> Stored records:

== == ==

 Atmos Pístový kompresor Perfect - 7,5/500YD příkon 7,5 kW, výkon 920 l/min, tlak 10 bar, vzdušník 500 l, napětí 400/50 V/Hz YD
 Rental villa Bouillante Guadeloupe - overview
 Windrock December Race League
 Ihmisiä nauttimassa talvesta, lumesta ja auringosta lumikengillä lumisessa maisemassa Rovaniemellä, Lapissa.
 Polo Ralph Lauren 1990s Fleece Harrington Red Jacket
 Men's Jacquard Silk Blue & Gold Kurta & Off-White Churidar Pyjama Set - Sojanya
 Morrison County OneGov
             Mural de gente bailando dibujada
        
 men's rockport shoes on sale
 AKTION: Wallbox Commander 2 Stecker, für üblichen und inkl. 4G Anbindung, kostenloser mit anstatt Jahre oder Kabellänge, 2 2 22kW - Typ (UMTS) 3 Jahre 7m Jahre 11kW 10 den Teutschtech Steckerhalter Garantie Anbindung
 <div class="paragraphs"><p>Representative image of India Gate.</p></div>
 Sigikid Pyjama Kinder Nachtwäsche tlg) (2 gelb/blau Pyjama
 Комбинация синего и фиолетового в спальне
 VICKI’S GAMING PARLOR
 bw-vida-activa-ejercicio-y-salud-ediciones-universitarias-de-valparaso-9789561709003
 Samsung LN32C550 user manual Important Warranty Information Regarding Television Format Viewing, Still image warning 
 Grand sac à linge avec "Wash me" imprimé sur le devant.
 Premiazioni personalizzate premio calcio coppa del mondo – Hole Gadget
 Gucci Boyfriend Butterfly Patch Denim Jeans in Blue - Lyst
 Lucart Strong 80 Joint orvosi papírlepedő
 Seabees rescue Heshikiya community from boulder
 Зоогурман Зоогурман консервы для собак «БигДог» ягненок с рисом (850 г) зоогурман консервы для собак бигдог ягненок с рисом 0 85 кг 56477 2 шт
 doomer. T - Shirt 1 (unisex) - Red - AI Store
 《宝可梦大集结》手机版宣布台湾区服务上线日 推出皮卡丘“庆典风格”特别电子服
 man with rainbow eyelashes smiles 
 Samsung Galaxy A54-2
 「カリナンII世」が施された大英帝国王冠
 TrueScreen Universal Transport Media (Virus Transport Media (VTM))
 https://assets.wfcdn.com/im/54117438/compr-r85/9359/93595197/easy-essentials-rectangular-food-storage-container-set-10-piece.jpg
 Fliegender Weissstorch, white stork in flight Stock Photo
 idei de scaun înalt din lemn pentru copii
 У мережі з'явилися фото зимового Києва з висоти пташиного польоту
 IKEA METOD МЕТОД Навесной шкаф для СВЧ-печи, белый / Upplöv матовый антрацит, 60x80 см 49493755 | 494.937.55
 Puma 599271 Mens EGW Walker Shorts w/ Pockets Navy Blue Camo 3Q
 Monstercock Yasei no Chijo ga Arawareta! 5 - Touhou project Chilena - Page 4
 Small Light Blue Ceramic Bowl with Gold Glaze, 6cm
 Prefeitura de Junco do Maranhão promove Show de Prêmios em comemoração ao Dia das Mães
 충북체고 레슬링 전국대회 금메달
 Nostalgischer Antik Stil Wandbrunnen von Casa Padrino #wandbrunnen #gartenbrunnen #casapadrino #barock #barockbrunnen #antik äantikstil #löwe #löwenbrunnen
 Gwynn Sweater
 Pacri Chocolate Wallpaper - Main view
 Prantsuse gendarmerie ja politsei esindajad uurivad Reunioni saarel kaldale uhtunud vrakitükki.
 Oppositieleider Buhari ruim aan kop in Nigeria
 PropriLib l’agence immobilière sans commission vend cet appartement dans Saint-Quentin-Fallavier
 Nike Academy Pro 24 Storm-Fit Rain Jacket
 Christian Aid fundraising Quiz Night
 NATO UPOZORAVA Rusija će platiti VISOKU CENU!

== == ==

Print the records above verbatim from their first line to the line containing "Windrock December Race League", both included, and stop there.

 Atmos Pístový kompresor Perfect - 7,5/500YD příkon 7,5 kW, výkon 920 l/min, tlak 10 bar, vzdušník 500 l, napětí 400/50 V/Hz YD
 Rental villa Bouillante Guadeloupe - overview
 Windrock December Race League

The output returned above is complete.